On the one hand, the Language Police are earnest and passionate, and these are the qualities that make university campuses such vibrant places to be. On the other hand, their tactics are alienating at best and aggressive at worst. Last year, I had a student claim – in the very first lecture! – that she was “triggered” by a three-minute video by the National Organization of Women titled “This is What a Feminist Looks Like”. In this case, the student used the term ‘triggered’ not because it triggered a PTSD reaction for her, but because it was considered an ‘insufficiently intersectional representation of contemporary feminism’.

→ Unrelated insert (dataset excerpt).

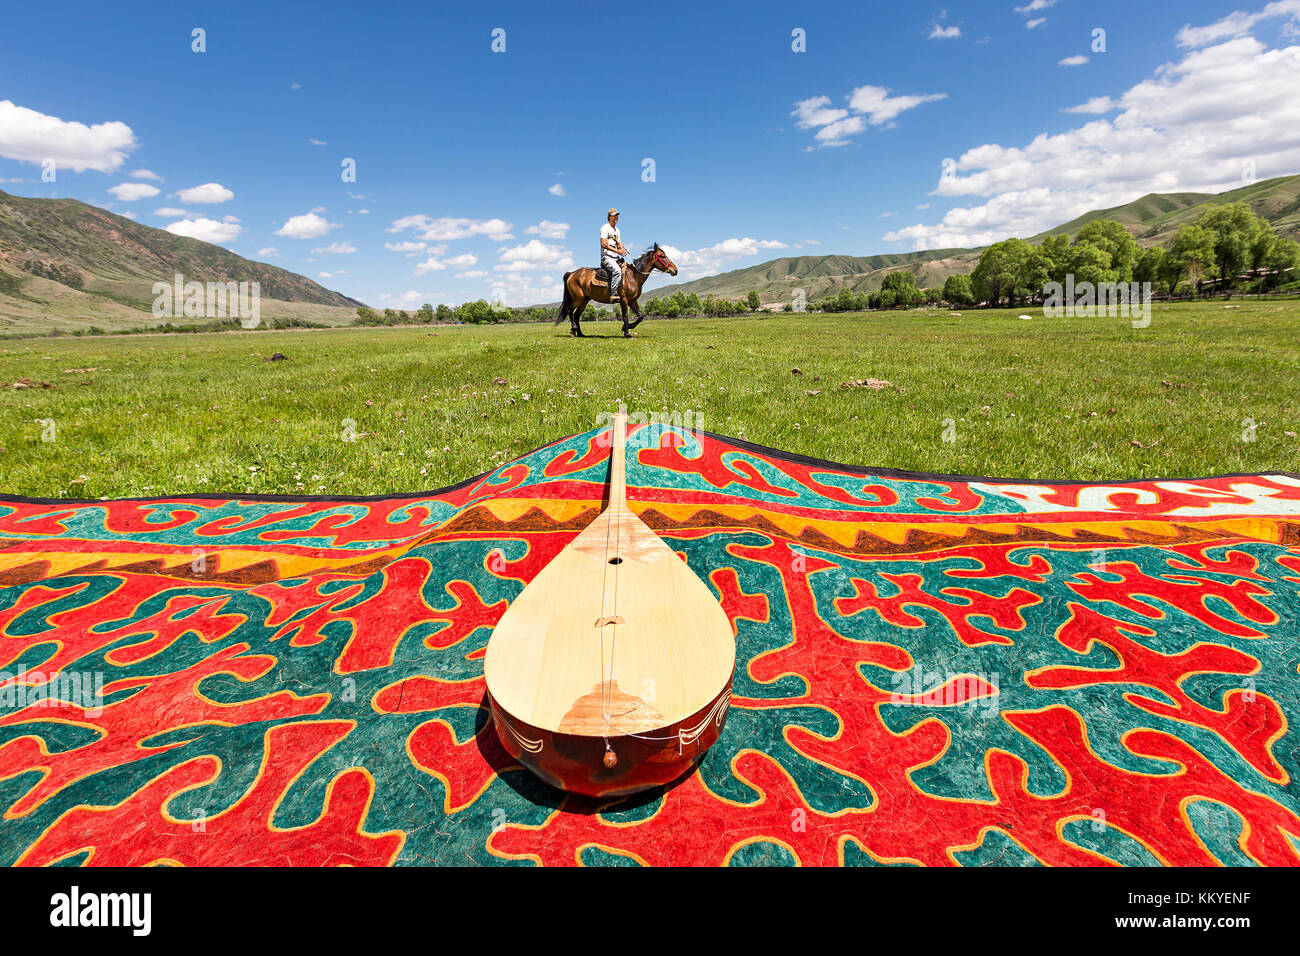 Kasachischen nationalen Musikinstrument als dombra und ein Pferd Reiter bekannt, im Dorf bleiben, Kasachstan. Stockfoto

My teaching experiences are mostly enormously enjoyable. Most students want to be there, most don’t consider themselves victims of my facetiousness and most appreciate that I genuinely care about the material and their engagement with it. But for a select few, my privilege (my being middle class, white, heterosexual and educated) means I will never be ‘woke enough’ to teach them. And their peers – most commonly middle class, white, heterosexual and educated – won’t ever be ‘woke enough’ to debate them.
Talking to people outside of universities – progressives but not self-identified activists – they often speak of feeling shut out of the discourse. As they see it, the focus on identity politics, the vigilance of call-out culture and the ever-evolving lexicon where woke suddenly means more than not asleep, is too cliquey, too narrowly focused on individualism. Not unfair accusations.
There isn’t an easy answer. There are, however, grave consequences of continuing on this path. Donald Trump is a product of the backlash against our contemporary way of doing politics. Donald Trump is who we get when we become excessively inward-looking and ignorant to the needs of others who, like it or not, are also on the electoral roll. And Donald Trump, alas, is who we get when we’re arrogant enough to think we already have all the answers.